PDF not searchable (although it contains copiable text)

The PDF-XChange Viewer for End Users
+++ FREE +++

Moderators: PDF-XChange Support, Daniel - PDF-XChange, Chris - PDF-XChange, Sean - PDF-XChange, Paul - PDF-XChange, Vasyl - PDF-XChange, Ivan - Tracker Software, Stefan - PDF-XChange

Victor Warner
User
Posts: 143
Joined: Wed Sep 23, 2009 8:15 am

PDF not searchable (although it contains copiable text)

Post by Victor Warner »

I have a pdf which I obtained from a UK government website which I cannot find text within (using Find).

There are some security measures attached to the file (Page Extraction not be allowed).

(For the sake of completeness I tried finding text using Adobe Acrobat 10 and also Skim (an Apple Mac PDF viewer which allows the adding of notes etc).
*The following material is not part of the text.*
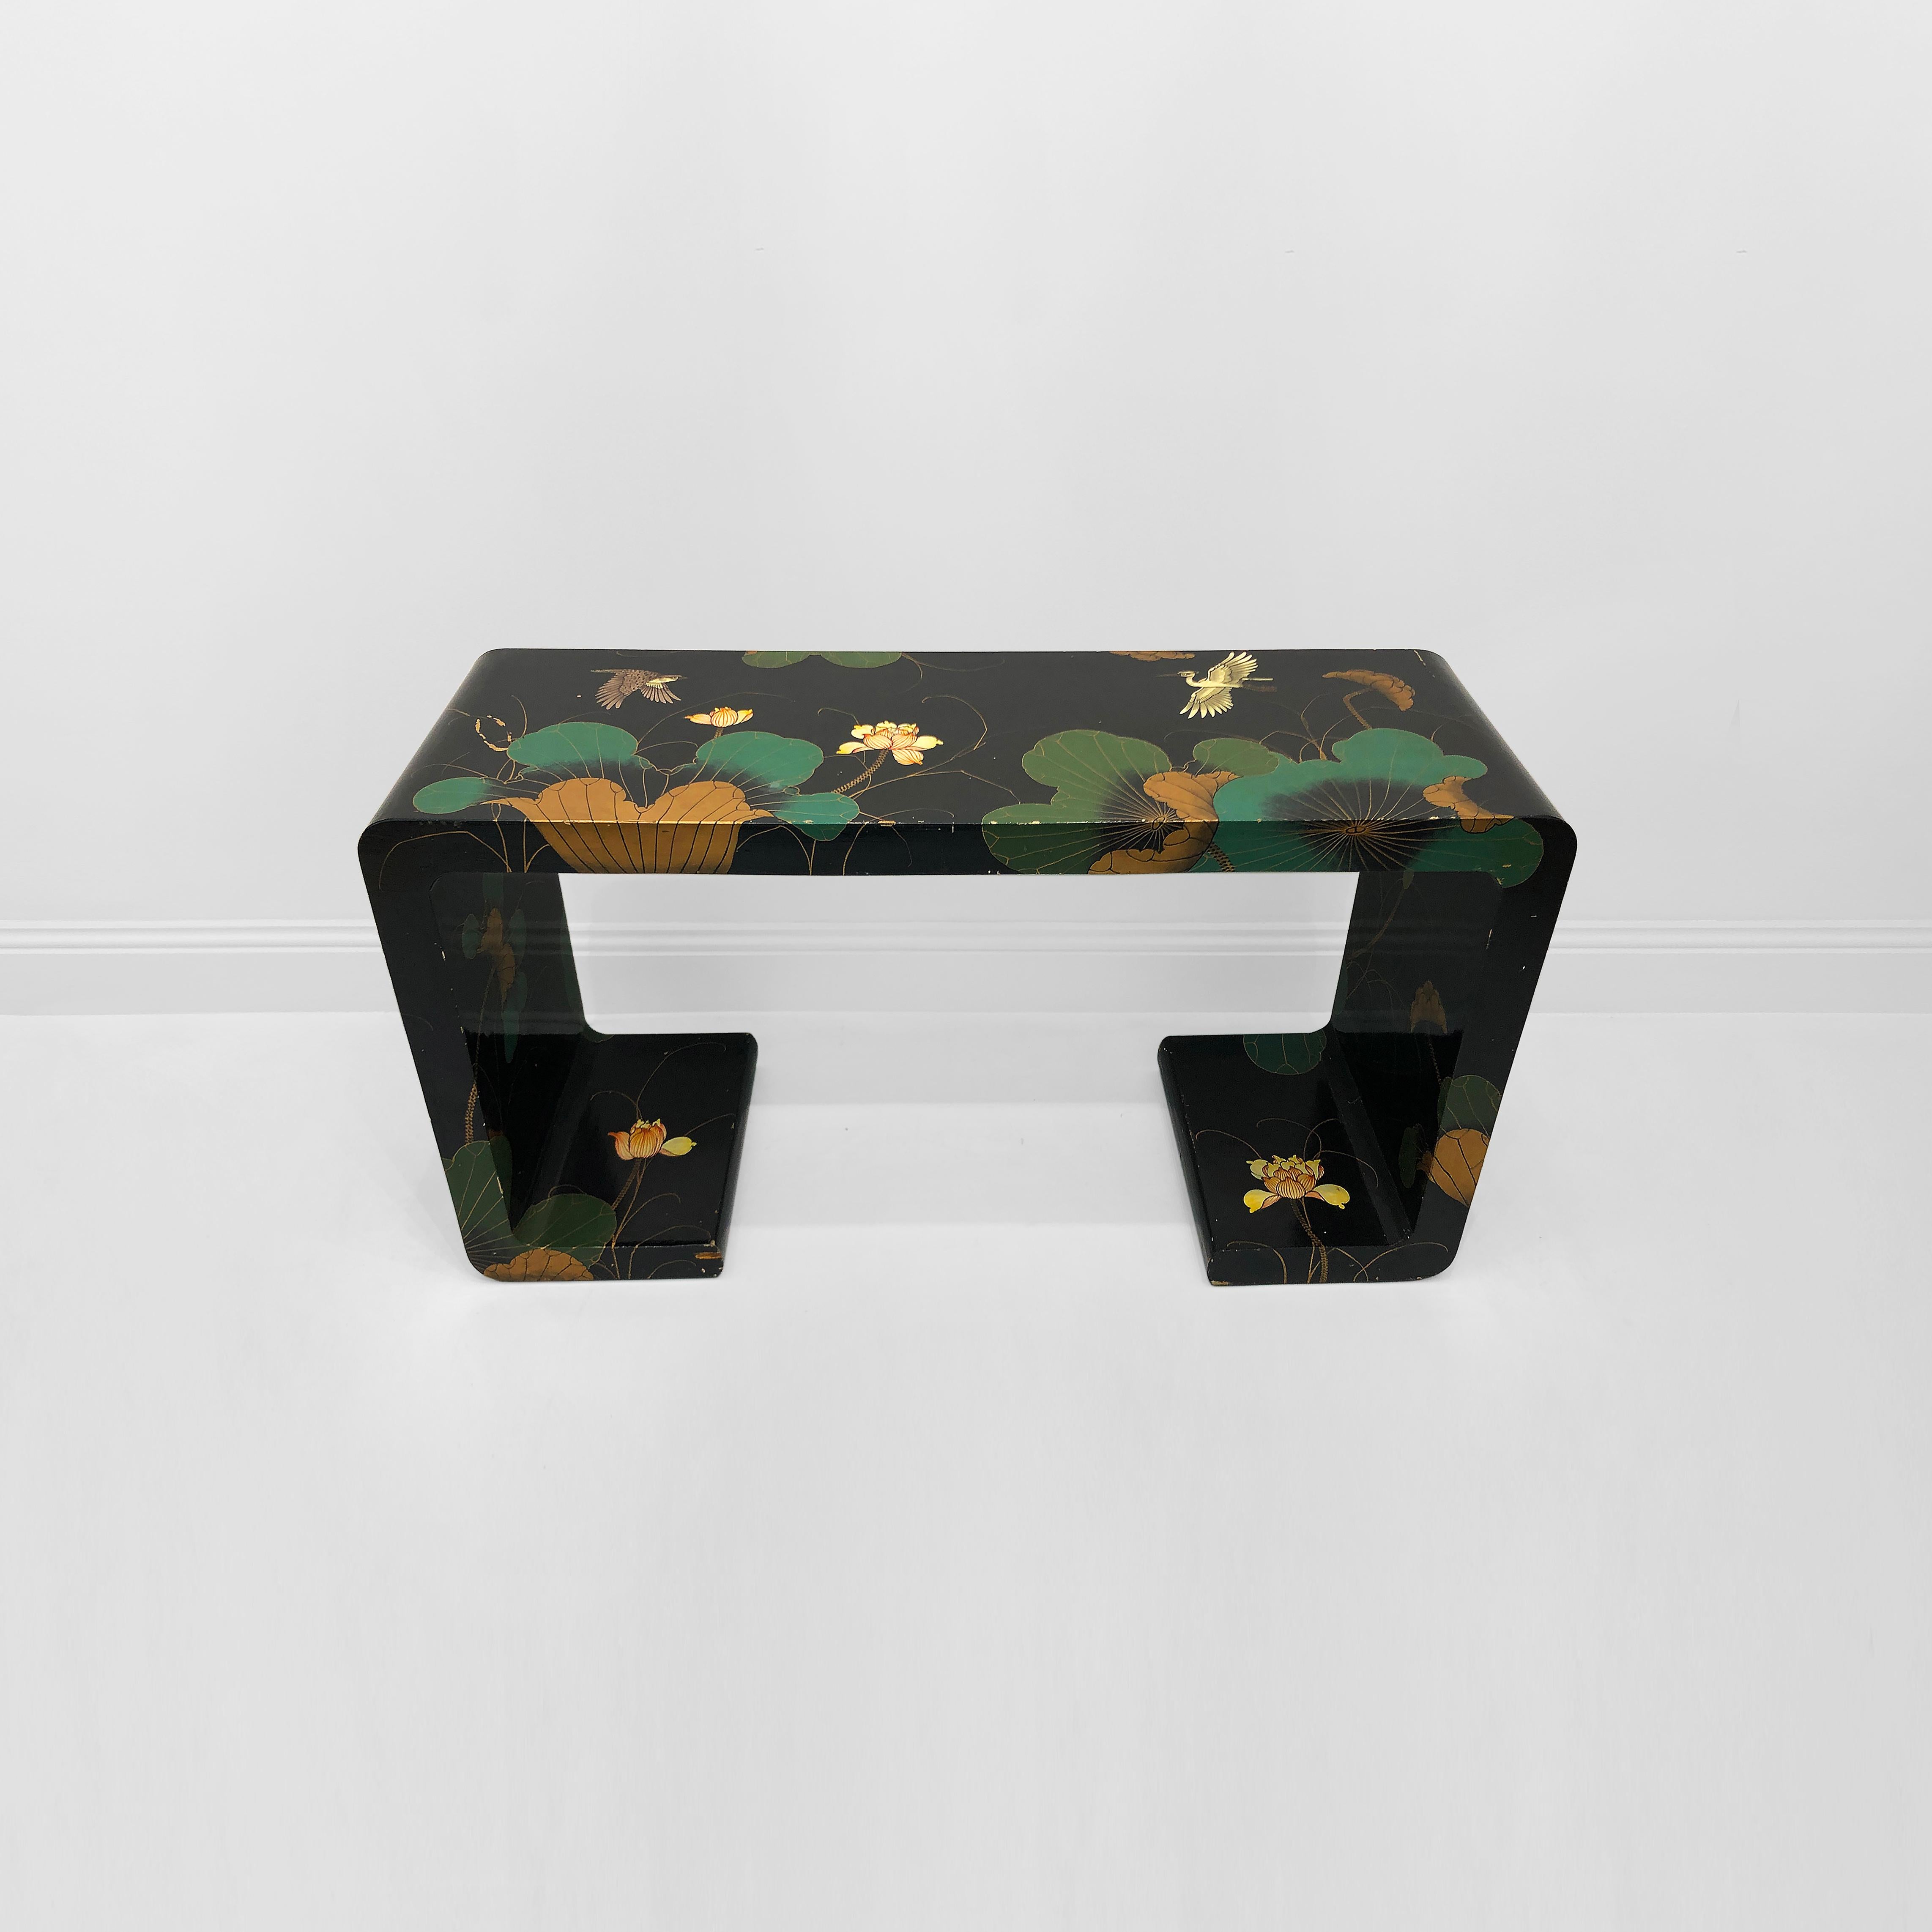 This 1970s Chinoiserie waterfall console table is a remarkable piece of furniture that exudes a blend of elegance and exotic charm. The console table has a sleek organic shape with waterfall sides and base. The black background has a striking

They also where unable to find text).

Although this is not purely a PDFX-Change problem it does affect the program.

Does the security measures applied simply mean that no pdf program can find text in it?

The file is attached.
You do not have the required permissions to view the files attached to this post.
User avatar
Stefan - PDF-XChange
Site Admin
Posts: 19930
Joined: Mon Jan 12, 2009 8:07 am

Re: PDF not searchable (although it contains copiable text)

Post by Stefan - PDF-XChange »

Hello Victor,

Yes - the problem is in the file, not in our Viewer - as you've already noticed the same problem happens with other PDF reading software.

The problem is not only with "finding" text but also with copy/pasting it - try that and copy/paste some text from this file to e.g. notepad and you will see some gibberish characters.

So if you perform a search entering this gibberish in the viewer's search field - it will find it inside the document.

Best,
Stefan
srn123
User
Posts: 28
Joined: Fri Jul 31, 2009 11:52 am

Re: PDF not searchable (although it contains copiable text)

Post by srn123 »

Is that because of the font encoding? The font used is embedded and is not substituted with a font that is available on the local computer. I have seen similar issues with other documents, but they typically involve TrueType fonts.
User avatar
Stefan - PDF-XChange
Site Admin
Posts: 19930
Joined: Mon Jan 12, 2009 8:07 am

Re: PDF not searchable (although it contains copiable text)

Post by Stefan - PDF-XChange »

Hi RamNarayan,

Text is stored inside a PDF file in a very specific way, and it's possible that such text is perfectly well rendered, but when the additional information required for it's extraction is not included - it is also completely unusable for anything else than viewing it on screen (or OCRing :) ).

Best,
Stefan